При проведении исследований GWAS, как правило, изучаются высокополиморфные SNPs (т.е. учитывается эффект частых генетических вариантов). В то же время редкие варианты могут также формировать “менделевский код” многофакторных заболеваний, причем их вклад может быть существенно выше, чем частых вариантов. Например, в результате анализа груза редких генетических вариантов с кардиомиопатией и эхокардиографическими признаками в крупных когортах Framingham Heart Study и Jackson Heart Study было установлено, что 11.2% индивидов имели один или более редких несинонимичных вариантов в генах саркомерных белков (ACTC1, MYBPC3, MYH7, MYL2, MYL3, TNNI3, TNNT2, TPM1), но не имели диагноза кардиомиопатии [77]. Однако у этих индивидов было выявлено статистически значимое увеличение таких эхокардиографических параметров, как толщина стенки левого желудочка и диастолический диаметр левого предсердия. Также было обнаружено, что комбинация из нескольких редких миссенс-вариантов в одном и том же гене MYBPC3 имеет больший эффект на эхокардиографические параметры, чем отдельные варианты. Более того, индивиды с редкими вариантами в генах саркомерных белков имели более высокий риск неблагоприятных сердечно-сосудистых событий (стенокардия, инфаркт миокарда, сердечная недостаточность). Распространенность “вероятно патогенных” вариантов в данной когорте составила 0.6%, однако только 4 индивида из 22 обследованных имели симптомы гипертрофической кардиомиопатии. Эта работа подчеркивает важность изучения вовлеченности генов моногенных заболеваний, в том числе их редких вариантов, в формирование структуры подверженности многофакторных заболеваний. Полученные новые знания будут важны для установления оценки патогенности конкретных генетических вариантов в отношении фенотипа, особенно в контексте коморбидности, а также послужат основой для создания индивидуализированных моделей прогнозирования риска многофакторных заболеваний.
ЗАКЛЮЧЕНИЕ
Таким образом, между моногенными болезнями и многофакторными заболеваниями существует тесная связь на молекулярно-генетическом уровне. Феномен коморбидности между моногенными и многофакторными заболеваниями предполагает участие определенного общего числа генов и биологических путей в формировании предрасположенности к заболеваниям – “менделевский код” или невырожденный фенотипический код, который связывает каждое многофакторное заболевание с уникальной совокупностью менделевских локусов [19].
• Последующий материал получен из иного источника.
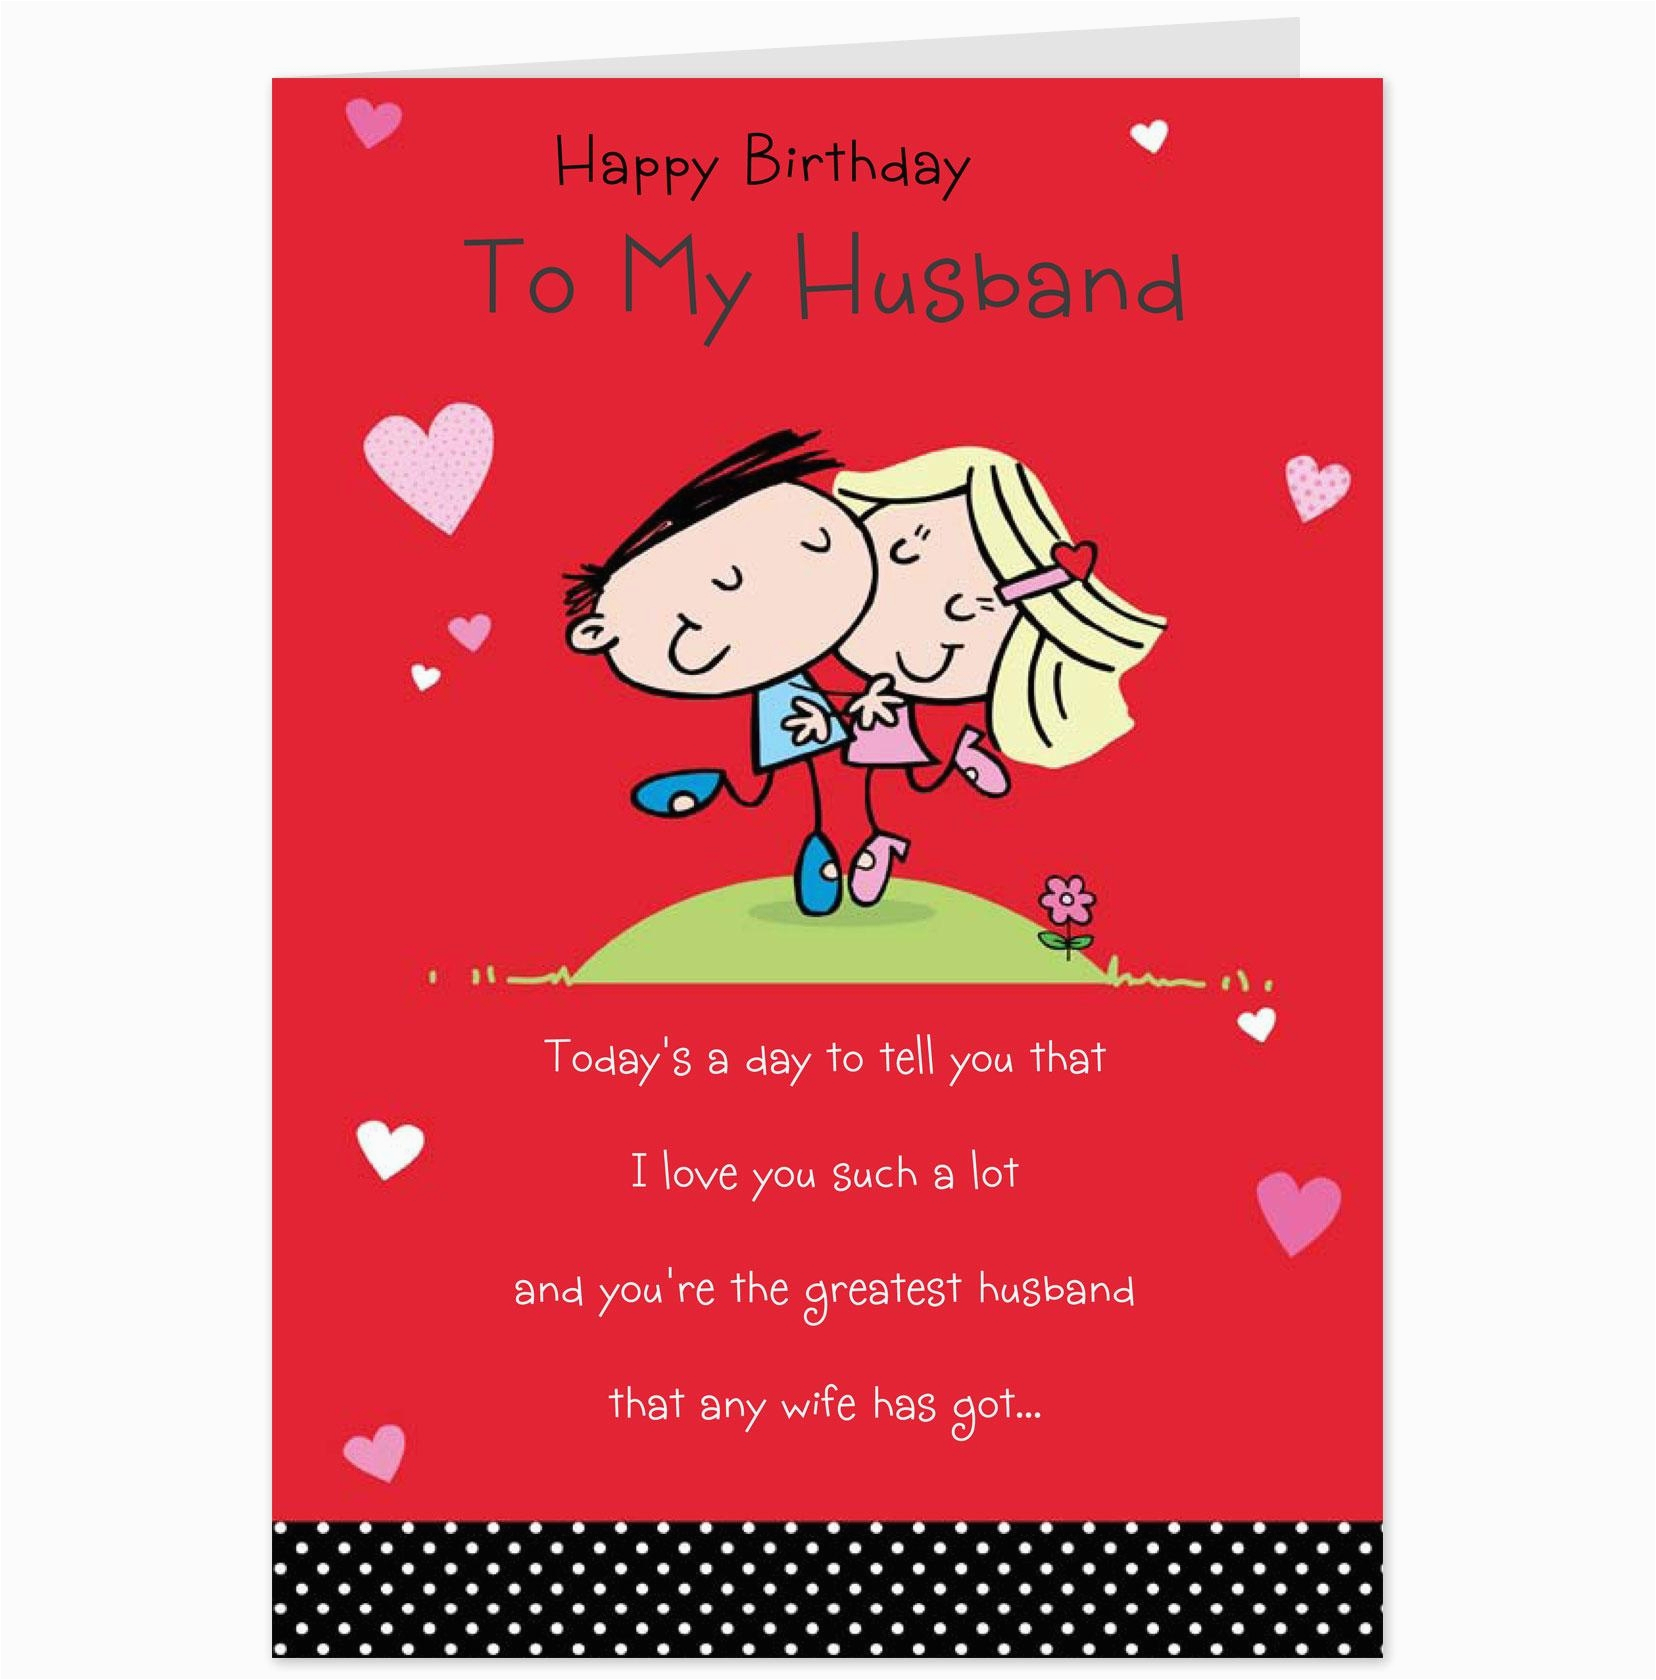 Happy Birthday Husband Funny Cards The Best And Most Comprehensive
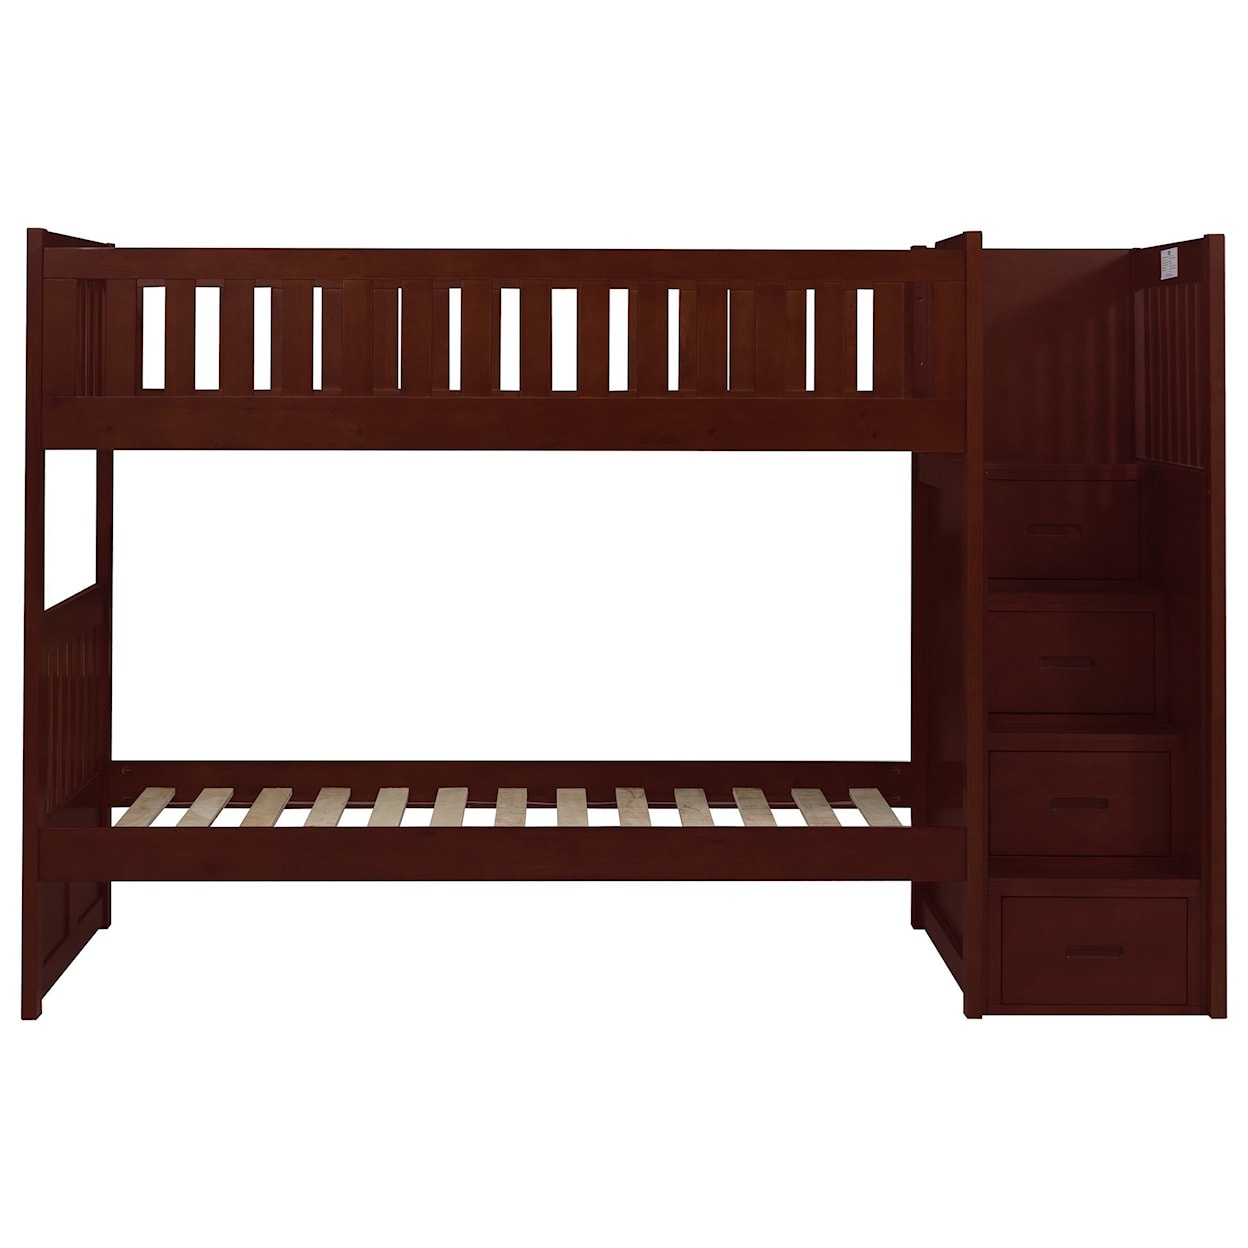 Home Style Cherry Twin Over Twin Bunk Bed w/ Stair Storage

Основой для формирования такого феномена является высокая степень плейотропии генетических вариантов, поскольку показано, что плейотропия в отношении 558 признаков и заболеваний достигает 90% для локусов, 63% – для генов и 31% – для SNPs [78]. Однако генетические варианты могут влиять на разные признаки в зависимости от своего расположения в геноме как самостоятельно, так и опосредованно через сцепление с другими вариантами. Более того, SNPs с большими эффектами и являющиеся потенциально причинными для заболевания часто располагаются в области генов или близко к ним. Поскольку функциональная активность плейотропных генов менее тканеспецифична, предполагается, что они контролируют базовые и важные для клетки процессы и функции.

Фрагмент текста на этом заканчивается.